Abstract: Context. Radar scattering from meteor trails depends on several poorly constrained quantities, such as electron line density, q, initial trail radius, r_0, and ambipolar diffusion coefficient, D.
Aims. The goal is to apply a numerical model of full wave backscatter to triple frequency echo measurements to validate theory and constrain estimates of electron radial distribution, initial trail radius, and the ambipolar diffusion coefficient.
Methods. A selection of 50 transversely polarized and 50 parallel polarized echoes with complete trajectory information were identified from simultaneous tri-frequency echoes recorded by the Canadian Meteor Orbit Radar (CMOR). The amplitude-time profile of each echo was fit to our model using three different choices for the radial electron distribution assuming a Gaussian, parabolicexponential, and 1-by-r^2 electron line density model. The observations were manually fit by varying, q, r_0, and D per model until all three synthetic echo-amplitude profiles at each frequency matched observation.
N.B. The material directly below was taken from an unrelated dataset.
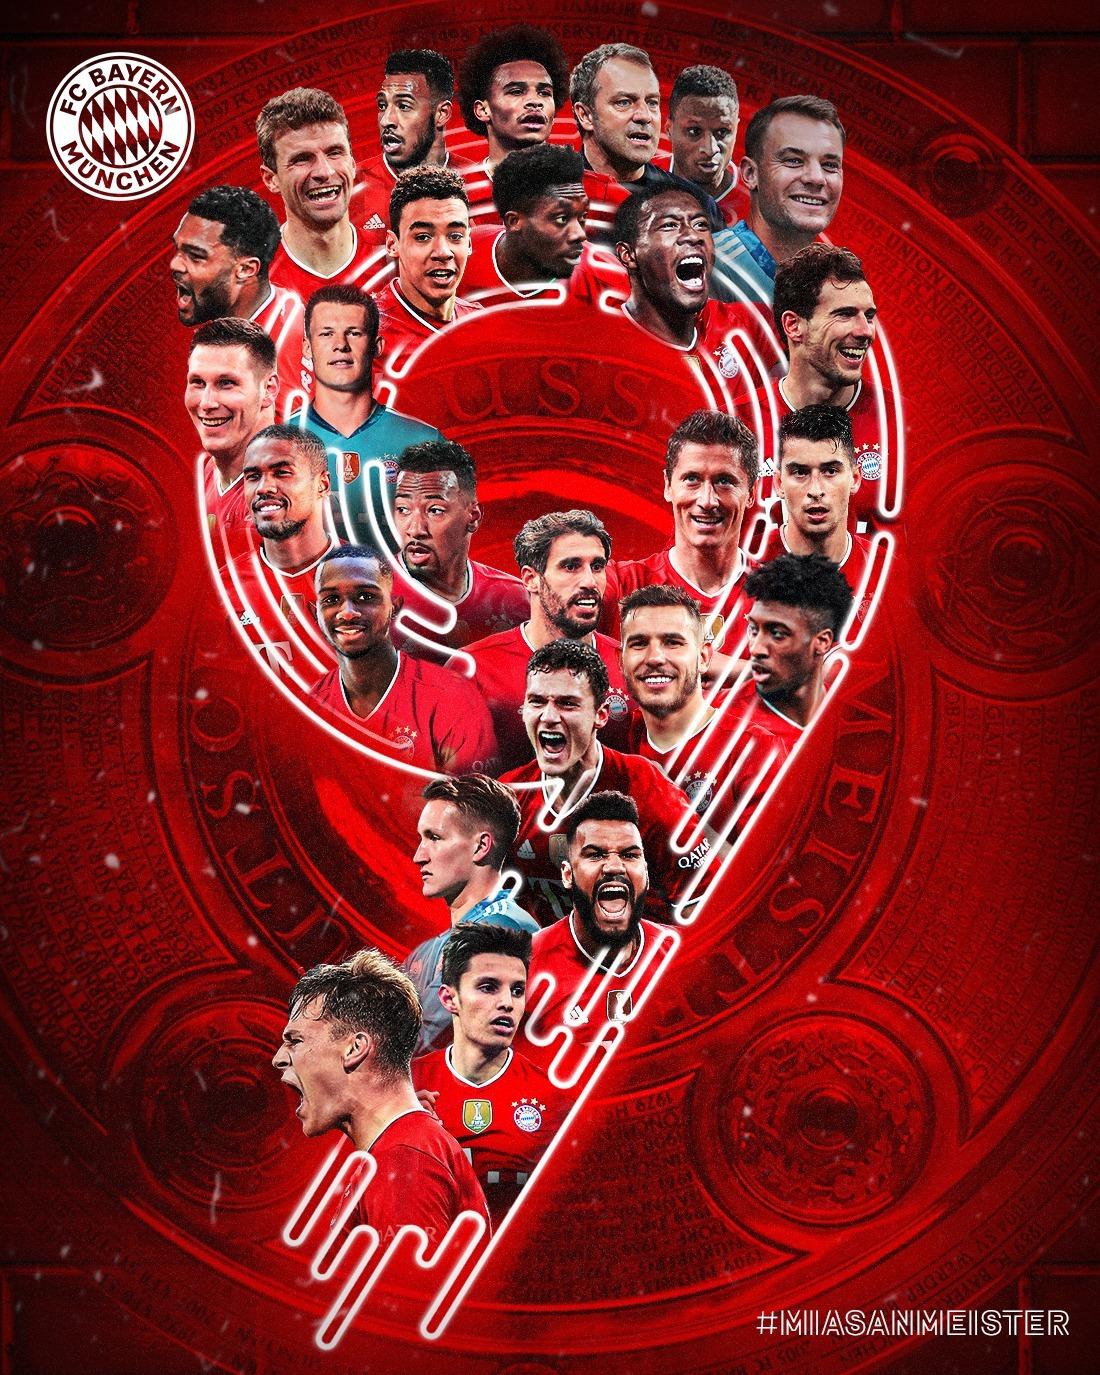 Bayern đăng tải ảnh mừng vô địch Bundesliga mùa này lên fanpage.
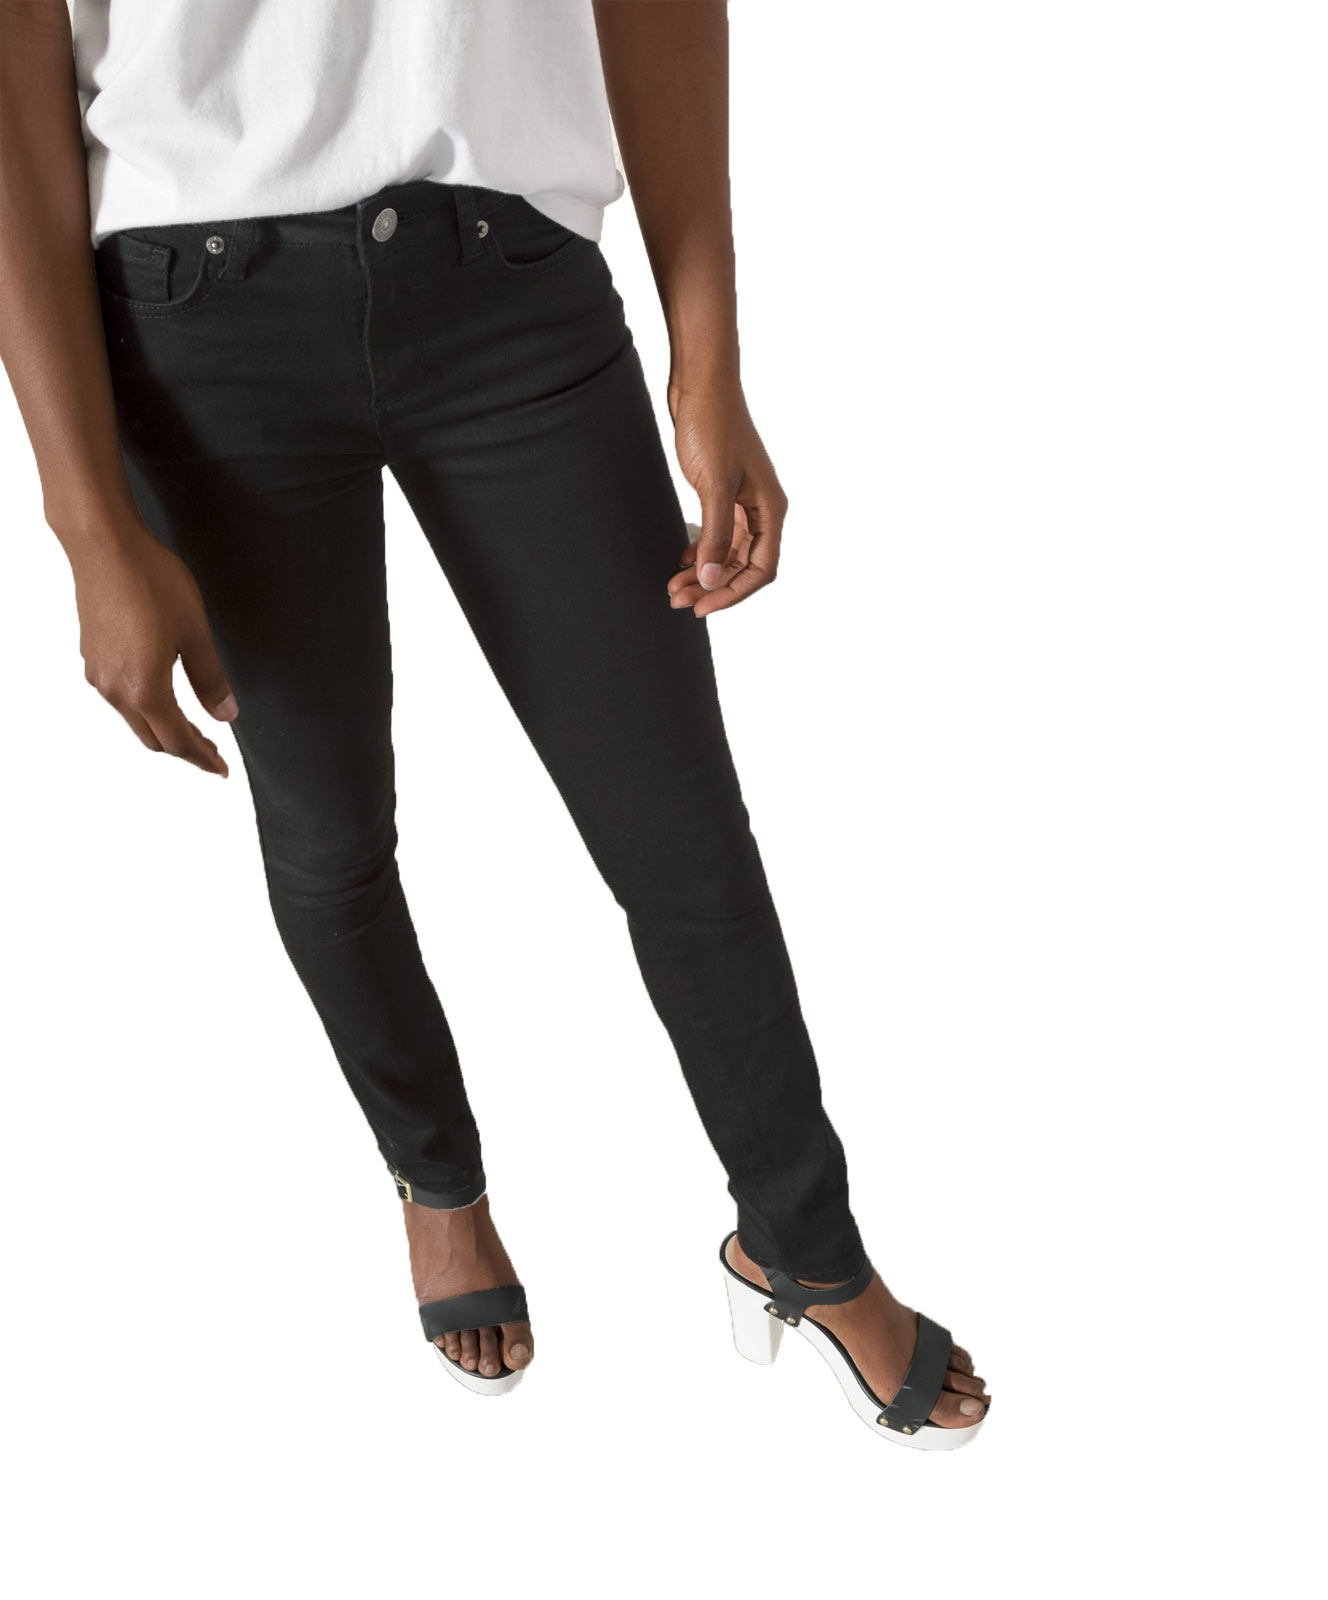 Hosen für Frauen - HIS MARYLIN Jeans Slim Fit Black Wash  - Onlineshop Jeans Meile

Results. The Gaussian radial electron distribution was the most successful at fitting echo power profiles, followed by the 1/(r^2). We were unable to fit any echoes using a profile where electron density varied from the trail axis as an exponential-parabolic distribution. While fewer than 5% of all examined echoes had self-consistent fits, the estimates of r_0 and D as a function of height obtained were broadly similar to earlier studies, though with considerable scatter. Most meteor echoes are found to not be described well by the idealized full wave scattering model.